** Problem **
Restate the last part of the records below word for word, beginning at the line with "Goldenes Plastik." and ending at the final line.

(Excerpts from a dataset)
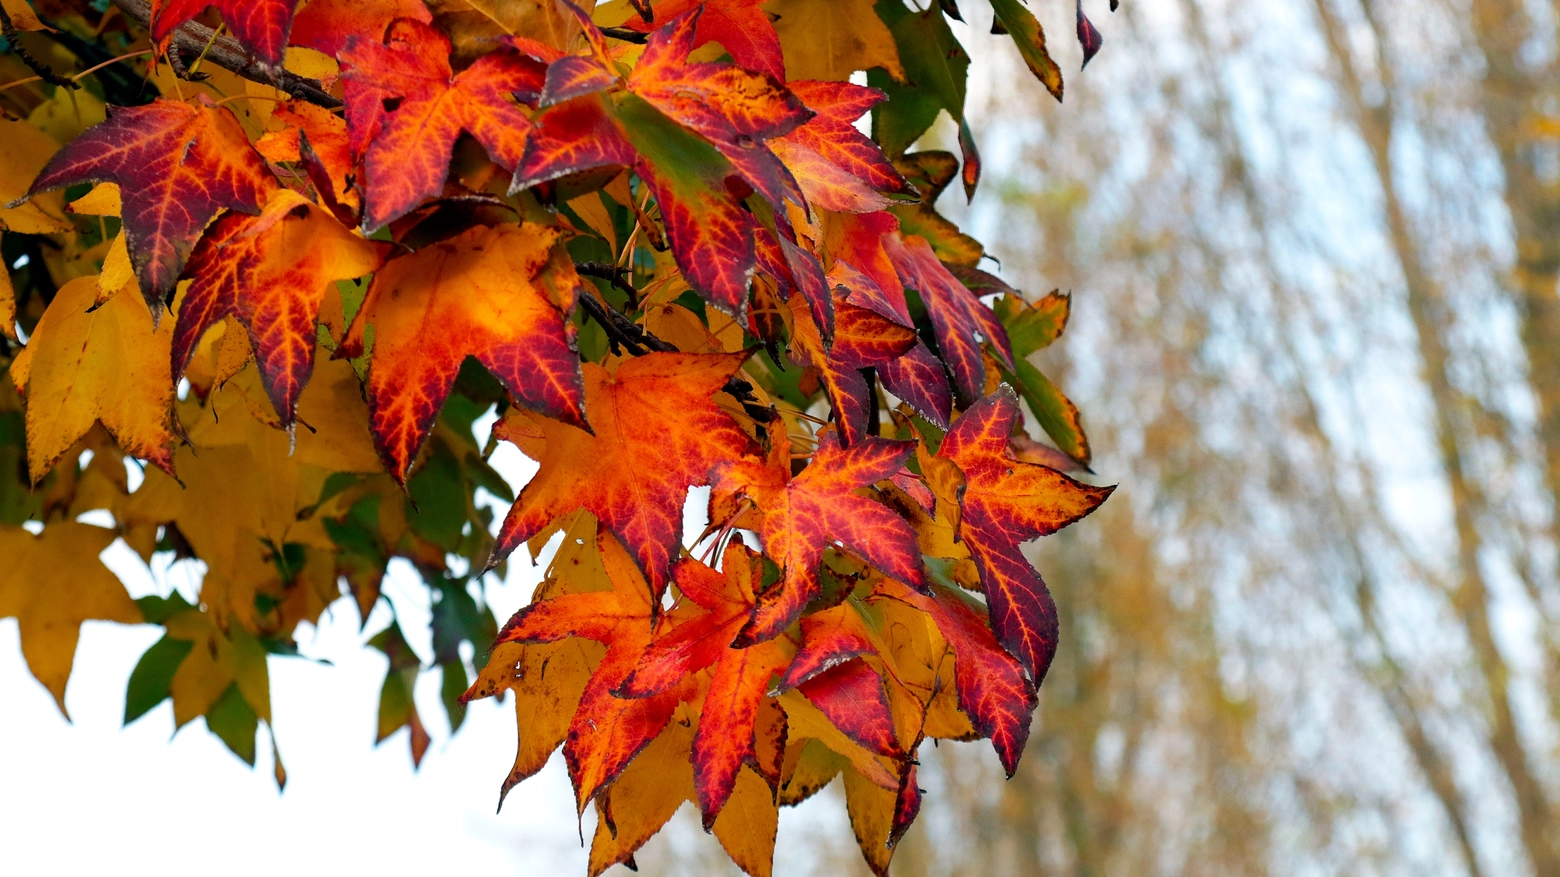 Equinozio d'autunno, inizia la stagione delle foglie (foto Germogli)
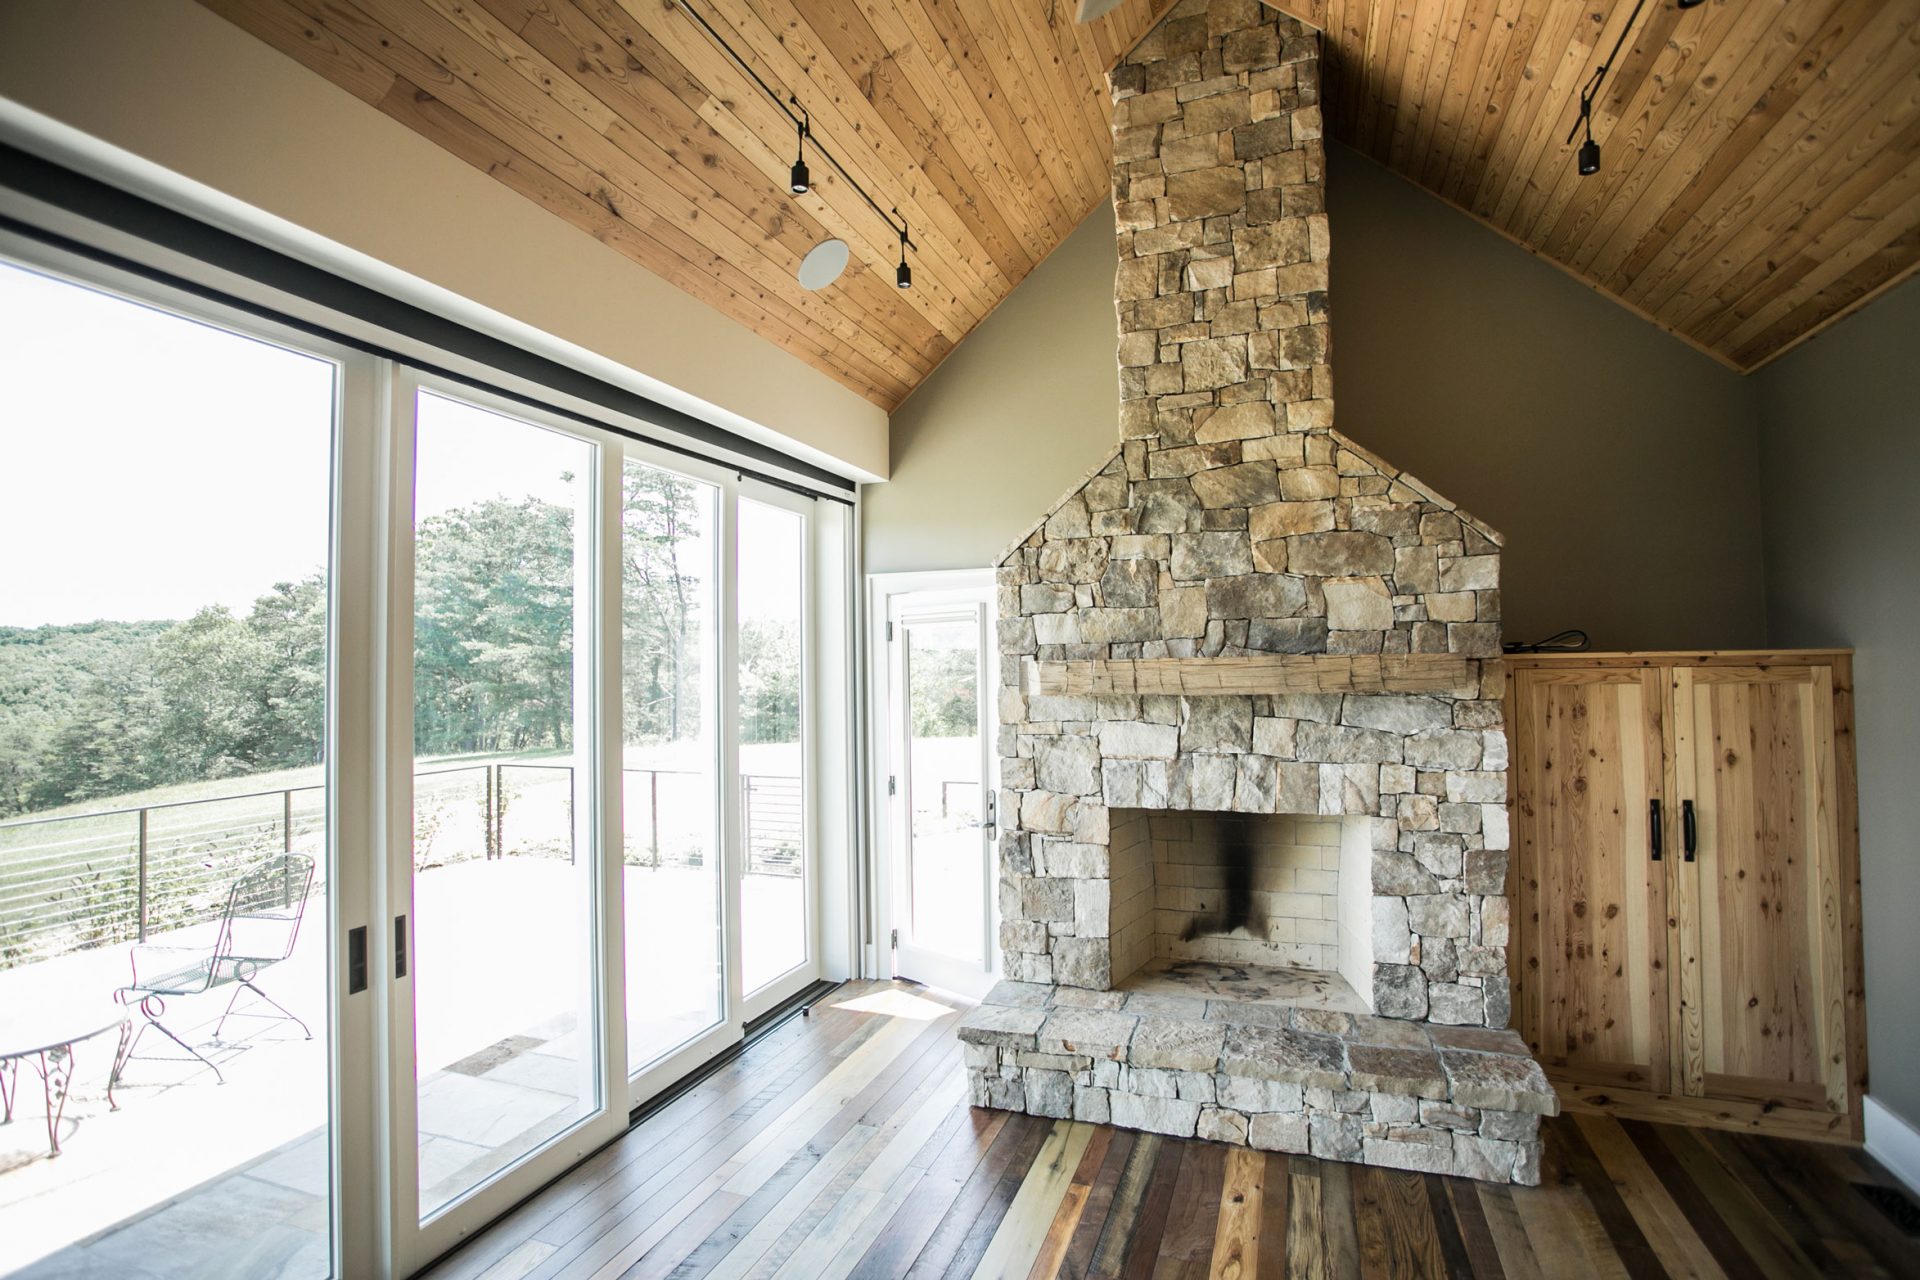 Image of Shenandoah Blend wood flooring with stone fireplace
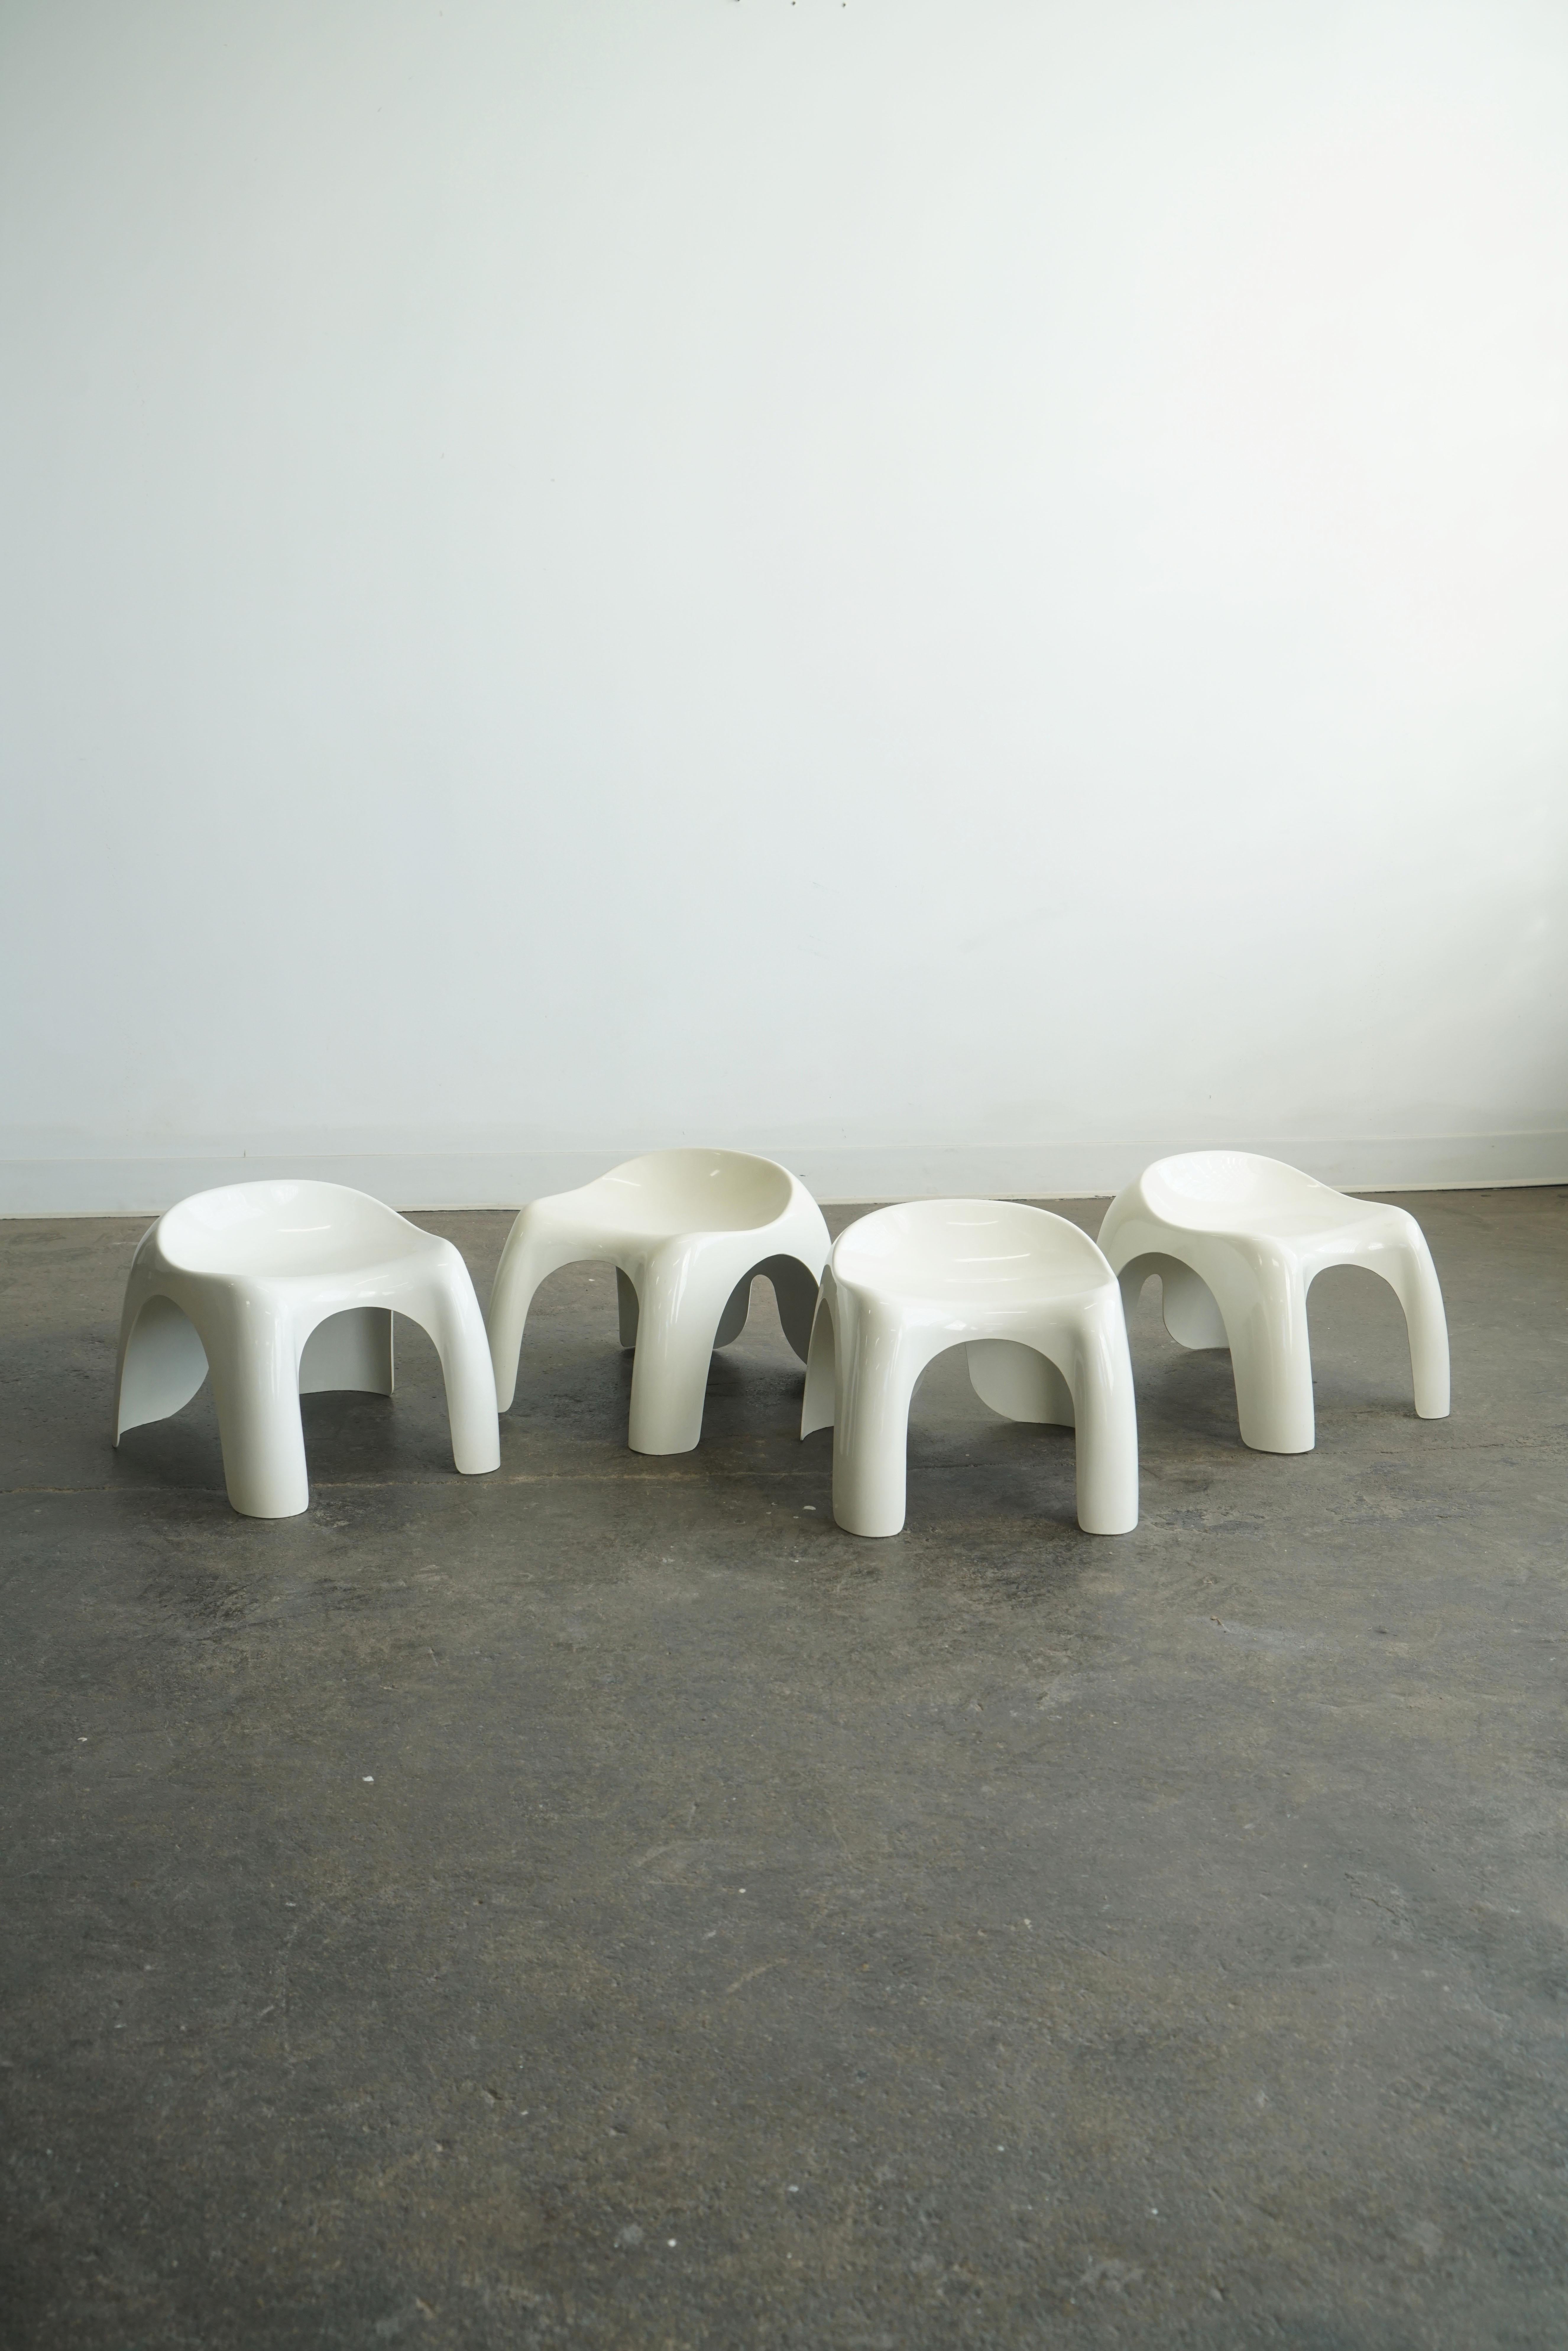 Efebo Seats, entworfen von Stacy Duke für Artemide.
Italien, 1960er Jahre
Goldenes Plastik. 
Individuelle Preisgestaltung. Vier verfügbar. 

Diese skulpturalen weißen Kunststoffhocker wurden als Kinderhocker entworfen, sind aber auch für Erwachsene

** Answer to this task **
Goldenes Plastik. 
Individuelle Preisgestaltung. Vier verfügbar. 

Diese skulpturalen weißen Kunststoffhocker wurden als Kinderhocker entworfen, sind aber auch für Erwachsene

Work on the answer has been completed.